This block (Figure 6) generates the BFU's in three steps, combining techniques from subband coding and transform coding. First, the signal is broken down into three subbands: 0-5.5 kHz, 5.5-11 kHz, and 11-22 kHz. Each of these subbands is then transformed into the frequency domain, producing a set of spectral coefficients. Finally, these spectral coefficients are grouped nonuniformly into BFU's. Figure 6 The subband decomposition is performed using Quadrature Mirror Filters (QMF's) [0-10]. The input signal is divided into upper and lower frequency bands by the first QMF, and the lower frequency band is divided again by a second QMF. Use of QMF's ensures that time-domain aliasing caused by the subband decomposition will be cancelled during reconstruction.

Each of the three subbands is then transformed into the frequency domain using the Modified Discrete Cosine Transform (MDCT) [11-12]. The MDCT allows up to 50% overlap between time-domain windows, leading to improved frequency resolution while maintaining critical sampling. Instead of a fixed transform block length, however, ATRAC chooses the block length adaptively based on the signal characteristics in each band. There are two modes: long mode (11.6 ms) and short mode (1.45 ms in the high frequency band, 2.9 ms in the others). Normally long mode is used to provide good frequency resolution. However, problems may occur during attack portions of the signal. Specifically, the quantization noise is spread over the entire signal block, and the initial quantization noise is not masked (Figure 8a); this problem is called pre-echo. In order to prevent pre-echo, ATRAC switches to short mode (Figure 8b) when it detects an attack signal. In this case, because there is only a short segment of noise before the attack, the noise will be masked by backward masking (section 2.2). Backward masking is not effective for Long Mode because of its very short duration. Thus, ATRAC achieves efficient coding in stationary regions while responding quickly to transient passages. Figure 8 Note that short mode is not necessary for signal decay, because the quantization noise will be masked by forward masking which lasts much longer than backward masking. For maximum flexibility, the block size mode can be selected independently for each band.

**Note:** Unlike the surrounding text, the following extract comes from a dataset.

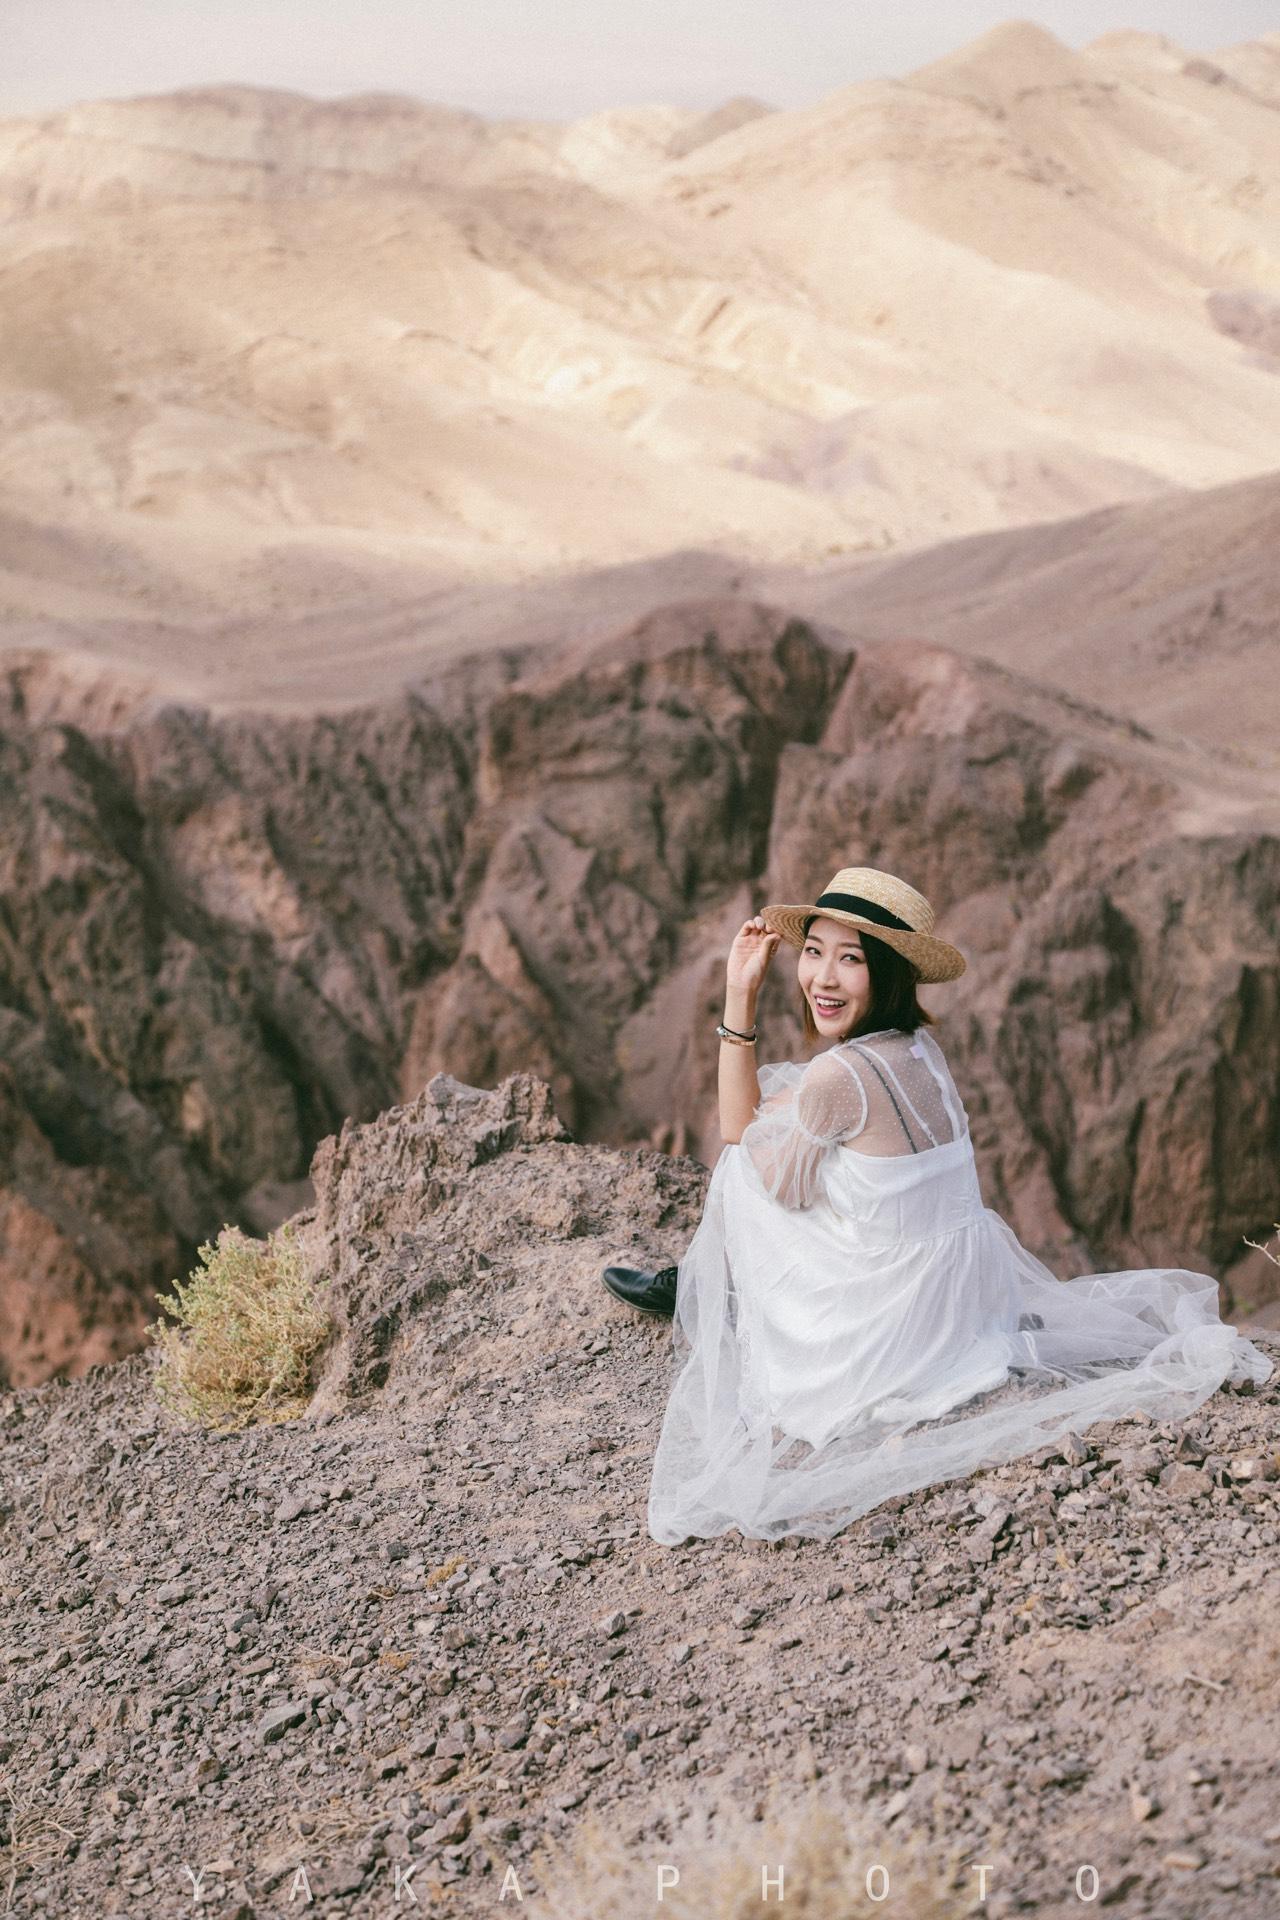 【旅行中的摄影师】跟着圣经去旅行,LP公布的2019年十大最佳旅行国家约旦怎么玩?

The MDCT spectral coefficients are then grouped into BFU's. Each unit contains a fixed number of coefficients. In the case of long mode, the units reflect 11.6 ms of a narrow frequency band; in the case of short mode, each block reflects a shorter time but a wider frequency band (Figure 9). Note that the concentration of BFU's is greater at low frequencies than at high frequencies; this reflects the psychoacoustic characteristics of the human ear. Figure 9

3.2 Spectral Quantization

The spectral values are quantized using two parameters: wordlength and scale factor. The scale factor defines the full-scale range of the quantization, and the wordlength defines the precision within that scale. Each BFU has the same wordlength and scale factor, reflecting the psychoacoustic similarity of the grouped frequencies.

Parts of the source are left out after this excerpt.